Posted 2021-10-30 川川菜鸟

tags:

篇首语：本文由小常识网(cha138.com)小编为大家整理，主要介绍了❤️通宵爆肝两万字xpath教程+实战练习❤️相关的知识，希望对你有一定的参考价值。

文章目录

一、必看内容！！！

1）简短介绍

XPath 是一种用于寻址 XML 文档部分的语言。它在 XSLT 中使用并且是 XQuery 的子集。这个库也可用于大多数其他编程语言。

2）必备知识

了解基本的html和xml语法和格式
没有了，如果你不会html和xml，超过2000收藏，我出一篇html详细教程，至于怎么达到2000赞，看各位粉丝了。

3）为什么我要写这篇文章？

在我前面的几十篇文章，写了上百万字把python的所有基础已经讲得很明白了，不管你是不是小白，跟着学都能学会，同时在我的粉丝群，我还会对教程中的问题进行答疑，所以包教包会的口号，我从来不是吹的。
这里是我的基础教程专栏：python全栈基础详细教程专栏系列
当然，如果你对qq机器人制作感兴趣请查看专栏：qq机器人制作详细教程专栏
这两个专栏，我为什么放在一起？第一个专栏是基础教程，第二个专栏是进阶，所以你在不会基础之前，请不要冒然学习机器人制作。
说了半天，我还没说为什么写这一篇的原因，前面的基础我已经差不多写完了，基础不会的自己去看我专栏，上百万字写基础，我已经很用心教大家了。基础过后，我们即将开始学爬虫，因此xpath你不得不掌握。

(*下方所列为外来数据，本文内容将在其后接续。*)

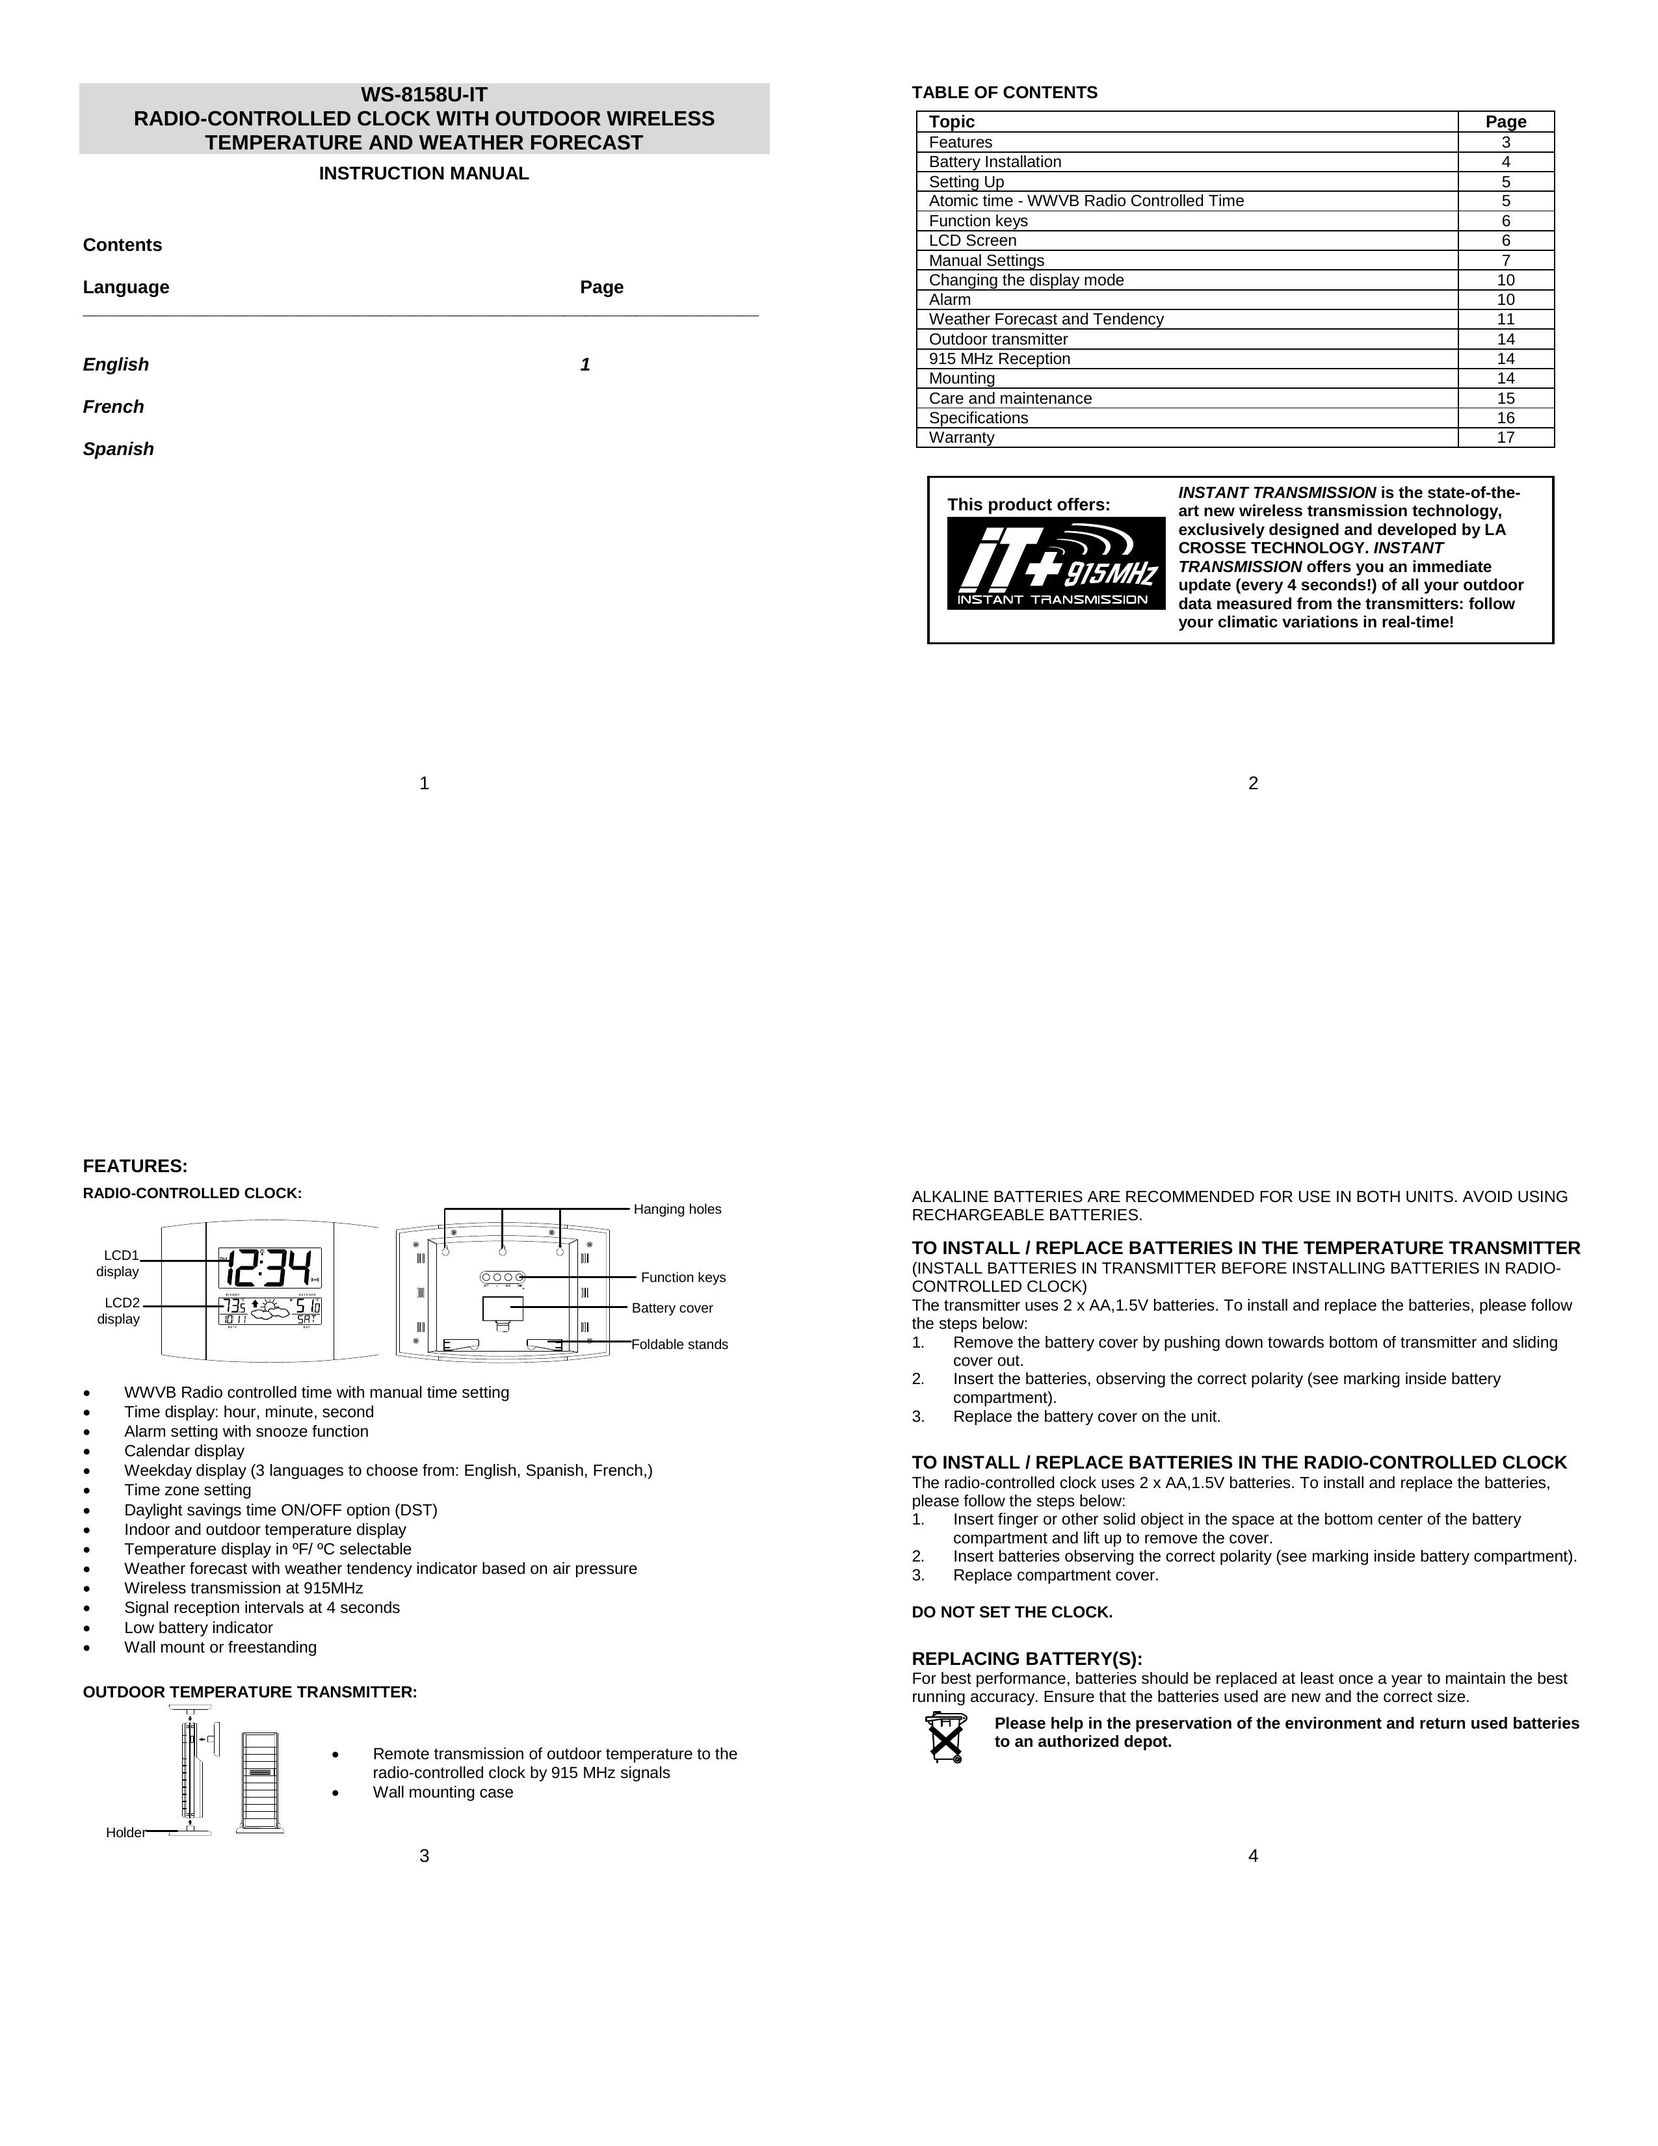 La Crosse Technology WS-8158U-IT Clock User Manual

认真跟着我学，多看几天就会了。

4）强烈推荐教程专栏

其它专栏，看你自己个人兴趣，这五个专栏我是主打，并是我强烈推荐。

二、开始使用xpath

2.1 常见的 HTML 操作

如果有一段html如下：

<html>
    <body>
        <a>link</a>
        <div class='container' id='divone'>
            <p class='common' id='enclosedone'>Element One</p>
            <p class='common' id='enclosedtwo'>Element Two</p>
        </div>
    </body>
</html>

在整个页面中查找具有特定 id 的元素：

//*[@id='divone'] # 返回 <div class='container' id='divone'>

在特定路径中查找具有特定 id 的元素：

/html/body/div/p[@id='enclosedone'] # 返回 <p class='common' id='enclosedone'>Element One</p>

选择具有特定 id 和 class 的元素：

//p[@id='enclosedone' and @class='common'] #返回 <p class='common' id='enclosedone'>Element One</p>

选择特定元素的文本：

//*[@id='enclosedone']/text() # 返回 Element One

2.2 常见XML操作

比如有如下xml：

<r>
  <e a="1"/>
  <f a="2" b="1">Text 1</f>
  <f/>
  <g>
    <i c="2">Text 2</i>
    Text 3
    <j>Text 4</j>
  </g>
</r>

2.2.1 选择一个元素

用xpath

/r/e

将选择此元素：

<e a="1"/>

2.2.2 选择文字

用xpath：

/r/f/text()

将选择具有此字符串值的文本节点：

"Text 1"

而这个 XPath：

string(/r/f)

返回同样是：

"Text 1"

2.3 浏览器使用xpath调试

步骤如下：

按F12进入控制台
按ctrl+F进入搜索框
将自己写的xpath输入进去，回车看看能不能匹配到

2.3.1演示案例一

以我自己的主页网址为例：

https://blog.csdn.net/weixin_46211269?spm=1000.2115.3001.5343

分析：

锁定定位为：

user-profile-statistics-num

则xpath写为：

//div[@class="user-profile-statistics-num"]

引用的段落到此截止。